Cotreatment of arimoclomol with AT13387 and HSF1a
Since treatment with HSP90 inhibitors increased HSP70 expression, we tested whether arimoclomol in combination with one of the HSP90 inhibitors would show synergistic effects. NPC1 human fibroblasts GM18453 were treated with compounds one day after plating. Cells were treated with arimoclomol at 0, 0.5, 1, 2, 10, 40 and 100 μM in combination with AT13387 (Onalespib) at 0, 0.04, 0.12, 0.37, 1.11, 3.33 and 10 μM and compared against DMSO-treated controls. The range of drug dosages were made to contain a large gradient of concentrations in screening media as described previously (39). Figure 7D shows the heat map of the combination treatments. The treatment with AT13387 did show correction of NPC1 phenotype as expected, but there was no statistically significant synergistic effect from including arimoclomol.
Heat shock transcription factor 1 (HSF1), is the master regulator of Hsp gene transcription (69). arimoclomol is described as a co-activator that prolongs the binding of activated HSF1 to heat shock elements (HSEs) in the promoter regions of inducible Hsp genes (70). A study of beneficiary effects of arimoclomol in NPC1 disease reported that NPC1 fibroblasts subjected to heat shock exhibited activation of HSF1 (34). Hence, we tested the effect of arimoclomol in combination with HSF1 activating compound HSF1a (71, 72) and measured the cholesterol level using the LSO filipin assay. As shown in Figure S3, we did not see a beneficial effect of HSF1a with or without arimoclomol.
Discussion
We report here that treatment of NPC1 mutant human fibroblasts with several HSP90 inhibitors at nanomolar concentrations leads to clearance of the accumulated cholesterol in the LE/Ly of human homozygous NPC1I1061T fibroblasts in a dose-dependent manner. Based on the ineffectiveness of these inhibitors on NPC1-/- cells, we infer that the clearance is due to a direct impact on the NPC1 protein and not a general bypass of the NPC1-dependent pathways as is seen in cells treated with cholesterol-chelating cyclodextrins (50).

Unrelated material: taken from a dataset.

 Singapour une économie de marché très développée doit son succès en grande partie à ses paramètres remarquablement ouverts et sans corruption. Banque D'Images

The beneficial effect of HSP90 inhibitors is associated with improved trafficking of the NPC1 protein out of the ER and delivery to LE/Ly. In untreated cells, the majority of NPC1I1061T protein is EndoH sensitive, indicating failure to exit the ER (29). After the treatment with AUY-922 for three days the majority of the NPC1I1061T has exited the ER and shows good co-localization with internalized LDL in LE/Ly. In order, to start understanding how inhibition of HSP90 might improve folding of NPC1I1061T and its exit from the ER, we examined he effects of HSP90 inhibitors on expression of other chaperone proteins. As reported previously, HSP70 and HSP40 levels were increased when HSP90 was inhibited (32, 33), and this was accompanied by an increase in NPC1 protein in the cells. Transient overexpression of HSP70 or HSP40 also reduced the cholesterol storage significantly.

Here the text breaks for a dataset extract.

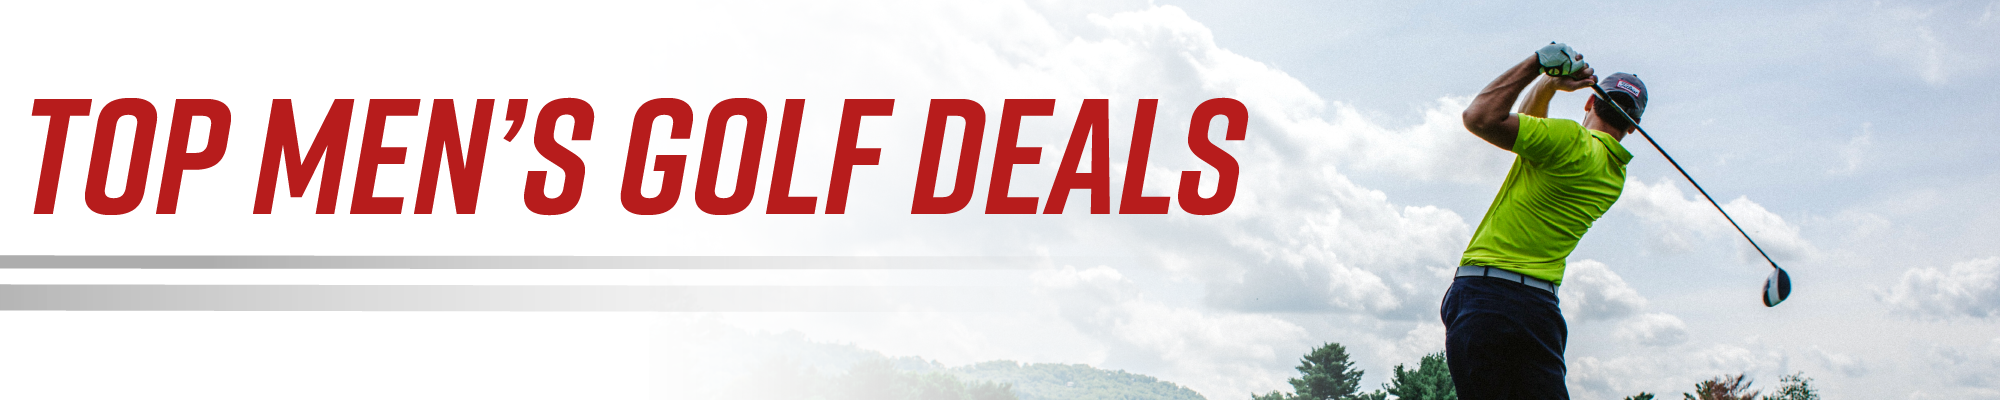 Top Men's Golf Deals

A recent study examined the effects of modulating the HSP70 chaperone/co-chaperone complex on a large number of NPC1 variants (14). That study focused on the effects of an allosteric inhibitor, JG98, that alters the interactions of HSP70 with co-chaperones, especially the BAG family of co-chaperones (73, 74). As with the study on HDAC inhibitors (18), it was found that JG98 corrected the ER retention and degradation of many NPC1 variants (14). This study examined SREBP2 activity, which is affected by the release of cholesterol from LSOs, and the results indicate that JG98 was facilitating release of cholesterol from LSOs in NPC1I1061T cells. Overall, our results corroborate these findings on the importance of HSP70 and other chaperones and extend them by directly demonstrating trafficking of NPC1I1061T to late endosomes and lysosomes containing LDL and showing reduction of filipin-labeled cholesterol in these organelles. Much additional work will be required to develop optimal strategies to target these chaperone networks to treat NPC1 patients.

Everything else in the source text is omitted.